A história do Banchee, um dos grandes grupos esquecidos dos anos 70


Por Ronaldo Rodrigues
Colecionador
Apresentador do programa Estação Rádio Espacial

O injusto contar do tempo tratou de pôr na gaveta pérolas e mais pérolas da música. E continua colocando. Para quebrar essa lógica absurda, a receita é ter muita boa vontade para garimpar e tentar reverter um quadro extremamente adverso de leviandades mercadológicas. Um capítulo dessa longa história de injustiças chama-se Banchee, uma genial banda formada nos EUA no fim dos anos 60. Seu som é tão poderoso e transcendente que nos obriga a discorrer, ainda que de maneira pouco reveladora (tendo em vista os parcos registros históricos de sua existência), sobre sua trajetória e sua música incrível.
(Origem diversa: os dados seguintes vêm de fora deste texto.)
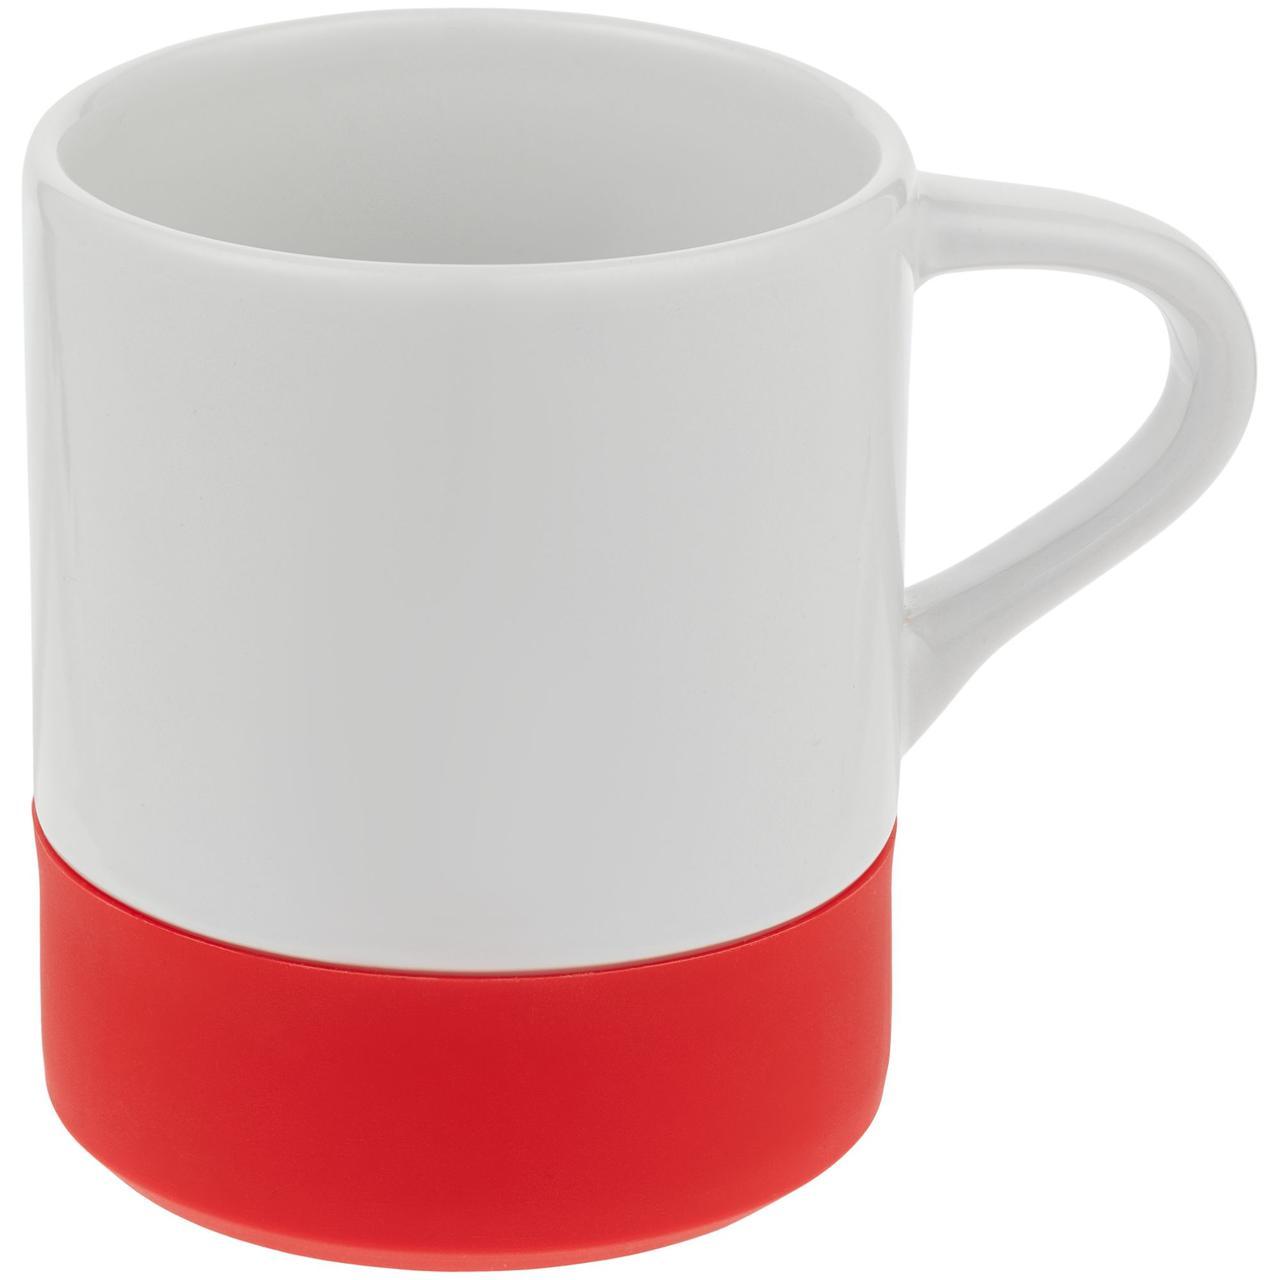 Кружка с силиконовой подставкой Protege, красная (артикул 12892.50)

A banda foi formada como um quarteto de ítalo-americanos de Boston (cidade que possui uma grande colônia de italianos) - Peter Alongi e José Miguel de Jesus nas guitarras, Victor William Digilio nas baquetas da bateria e Michael Gregory Marino no contrabaixo. Com exceção de Victor, todos cantavam. José Miguel era o compositor principal.

Pouca informação se sabe sobre os caras. O talento do grupo chamava a atenção na cena local e descolaram um contrato com o selo Atlantic (Vanilla Fudge, MC5, Iron Butterfly, Golden Earring), que na época estava despontando no cenário com nomes como os badalados Crosby, Stills & Nash e os emergentes Led Zeppelin e Yes.
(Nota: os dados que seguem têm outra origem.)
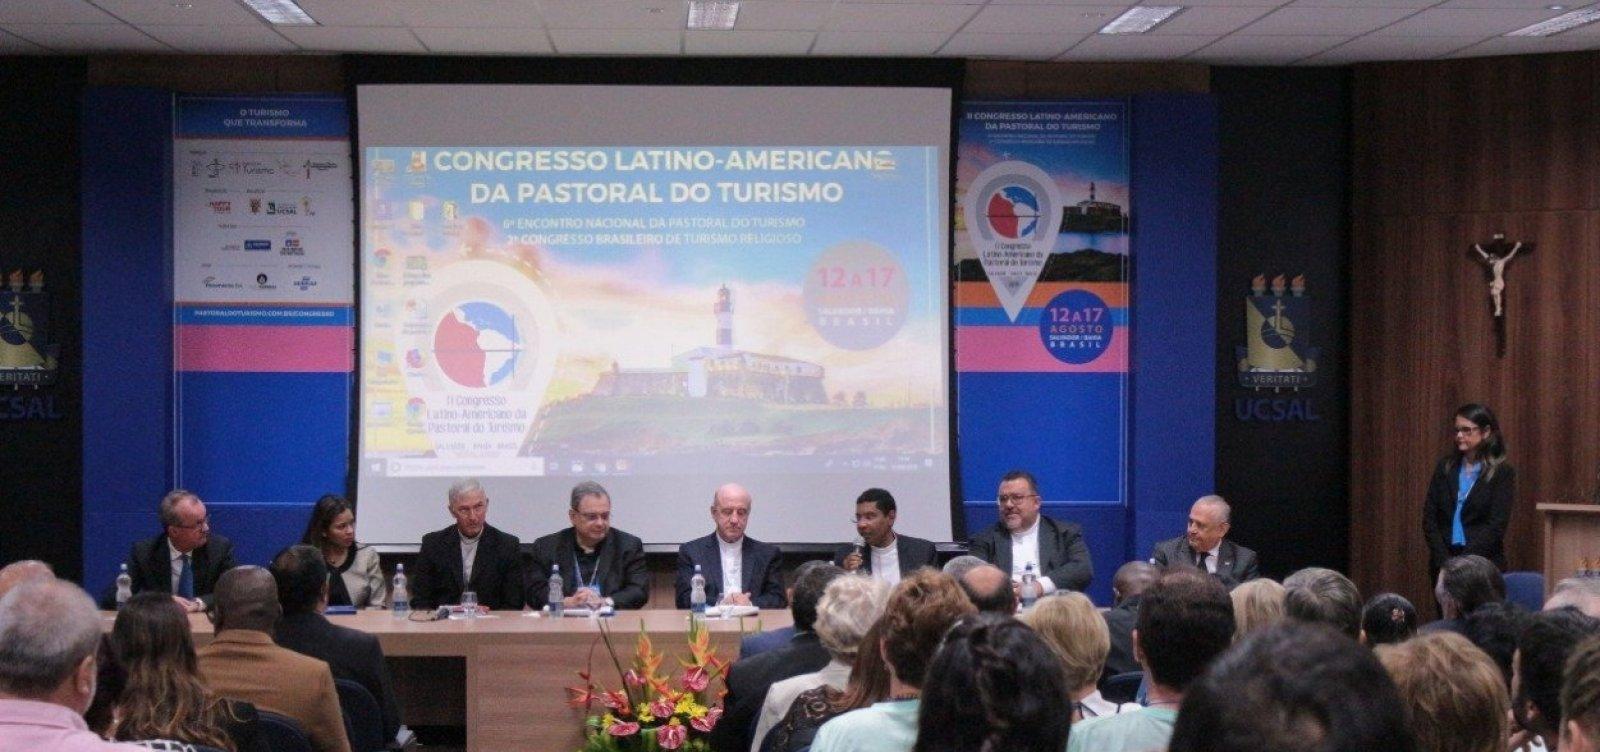 [Congresso sobre 'turismo que transforma' ocorre esta semana na Ucsal]

O primeiro disco foi produzido por Warren Schatz (compositor e condutor de orquestras nos anos 60 e 70) e Stephen Schlaks (também compositor, e que possui alguns discos gravados como artista solo). No dia do casamento de Peter, a banda estava em estúdio finalizando o disco!

Vocais na medida tal qual Crosby, Stills & Nash, Byrds ou Guess Who, dosado com country folk como Buffalo Springfield, guitarras prodigiosas à la Quicksilver Messenger Service, composições espetaculares em influências muito bem adquiridas e trabalhadas. Some a isso aquele clima campestre/estradeiro típico do som norte-americano, sem esquecer-se de um bom trago de psicodelia. Isso é, ainda arriscado a ser de empobrecedora definição, o primeiro disco do Banchee.


A estreia da banda em 1969 é um primor, um condensado de ritmos e influências das mais diversas, deliciosamente balanceadas. As composições são únicas, fortes, marcantes, inteligentemente construídas e tocadas com emoção notável.

O início é tranqüilo com “Night is Calling” e suas esmeradas linhas de guitarra e vocais altamente entrosados; “Train of Life” parece, a princípio, um cruzamento de Byrds com The Move, mas no meio aparece apimentada com um toque de jazz na rítmica; “As me Thinks” é a genialidade do grupo aflorando em seu psicodelismo – vocais perfeitos, timbres de guitarra acidamente saturados e aquele som que só iniciado entende, sem contar a levada latina que surpreende no meio da canção!; “Follow a Dream” é uma canção bucólica, mesclando um clima mais intimista com outro quase dramático, e possui geniais arranjos de orquestra; “Beatifully Day” é outra pérola do disco, alterando os climas magistralmente, quase que como uma suíte - perfeita!; a intro repleta de fuzz e extravasando psicodelia abre alas em “Evolmia”, com suas guitarras e andamentos quebrados (seria um anagrama para "Am I Love?").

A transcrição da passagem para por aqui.